To me those are absolutely fucking way out there batshit crazy ideas but they passed with almost no remark. Am I going mad or am I in the upisde-down or what?
 

Leo

Well-known member
The pandemic has been a health test for countries, in every sense. We've done badly because the country is generally weak: top-heavy with the elderly (like Italy), a high proportion of people who don't take care of themselves (eg. Boris), dysfunctional health system, corrupt elites, too much money swilling around doing nothing of value but lending itself to this corruption, disastrous media stuffed with intellectual mediocrities and beholden to the government, sluggish and poor decision-making, credulous and supine public.

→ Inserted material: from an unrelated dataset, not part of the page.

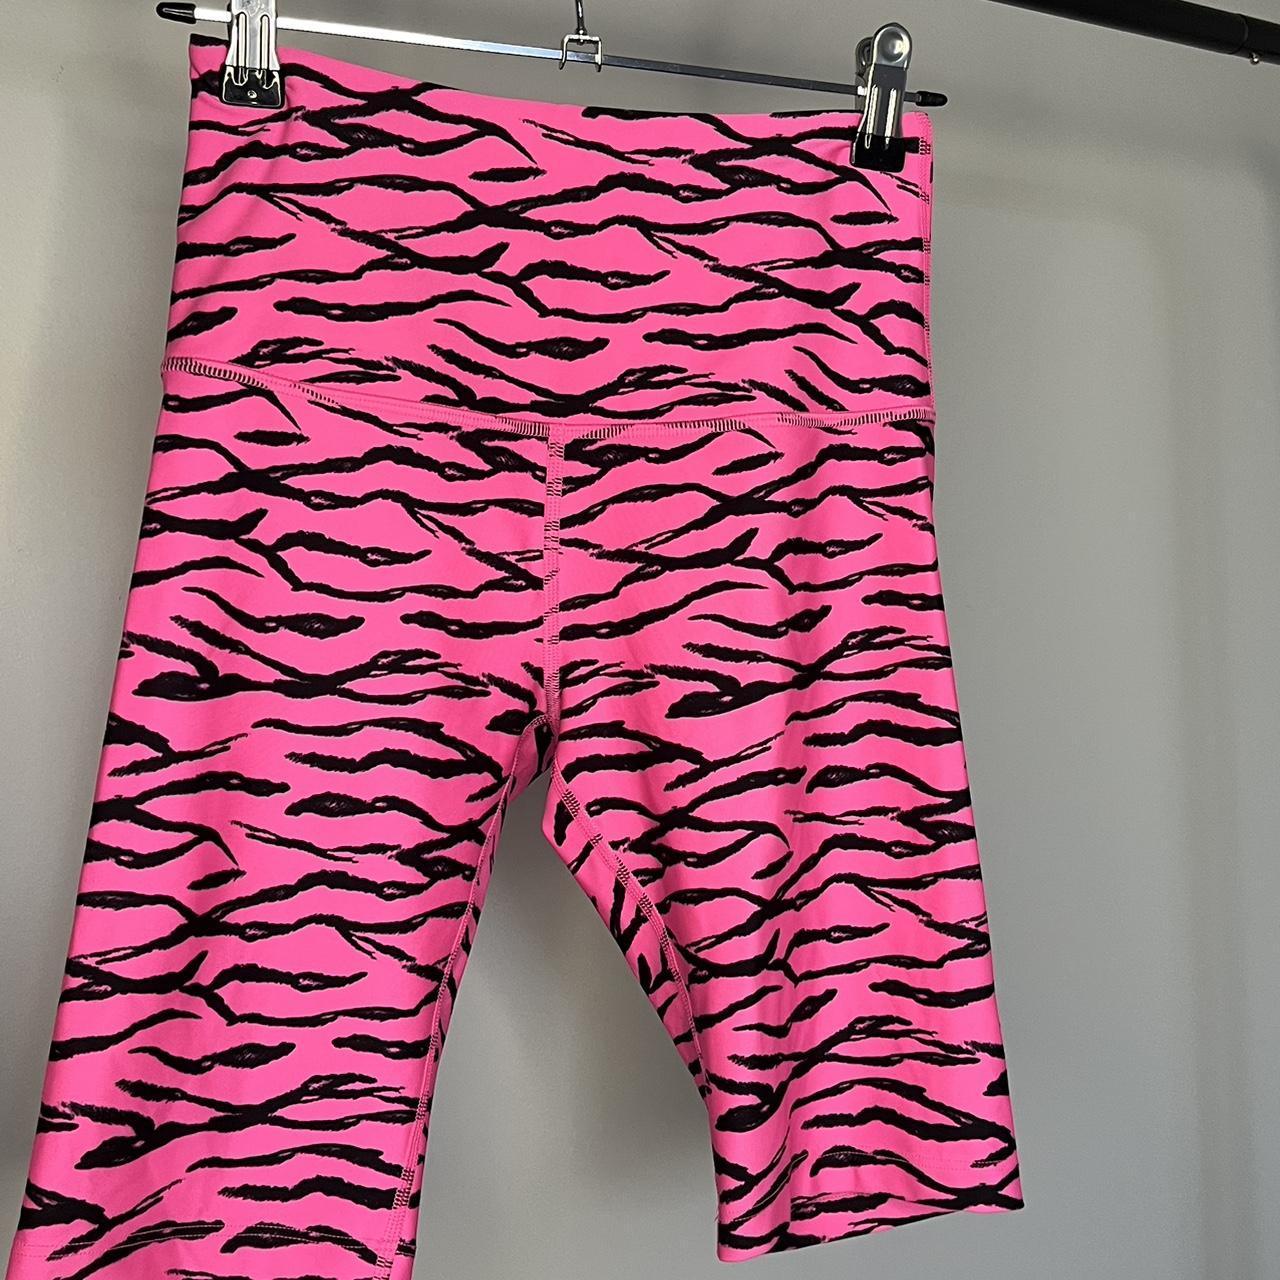 Lorna Jane XS Bike shorts Zebra print design - Depop

I hate to say it but this is the way of the world. this is mankind, for the most part. we can hold up the ideal, push for the right thing to do, but there are few ideal societies. call me a cynic but regardless of how much scientific data you crunch, I doubt the US or UK will get any better at this.
 

IdleRich

IdleRich
According to the Johns Hopkins University tracker, which relies on official government data, the US has recorded a startling 77,300 new coronavirus cases in 24 hours.
This is the highest one-day total for the pandemic so far. The US has consistently broken one-day records in recent days, but this is by a fairly wide margin.
10 July marked the last global record increase, with 67,800 new cases in the US.
And meanwhile Trump is selling magic beans from the Resolute Desk... it's twat and the mushroom stalk.
 

Mr. Tea

Let's Talk About Ceps
b) The government is lying about how serious the virus is and how many people have died through their incompetence. They are greatly OVERSTATING those numbers cos they don't want anyone to spot the truth, which is that lockdown was not necessary and they are so afraid of being sued for lost earnings they would rather dishonestly accept the blame for thousands of deaths.
Lewis has been banging this drum on Twitter and FB for months. His position is that the government wants us all to panic unnecessarily, wants us to think they've done a far worse job of keeping us safe than they have, and that the lockdown - which has cost many billions of pounds to businesses from small independent shops to major airlines - is being forced on us, on the false pretence of the pandemic, because of capitalism... somehow.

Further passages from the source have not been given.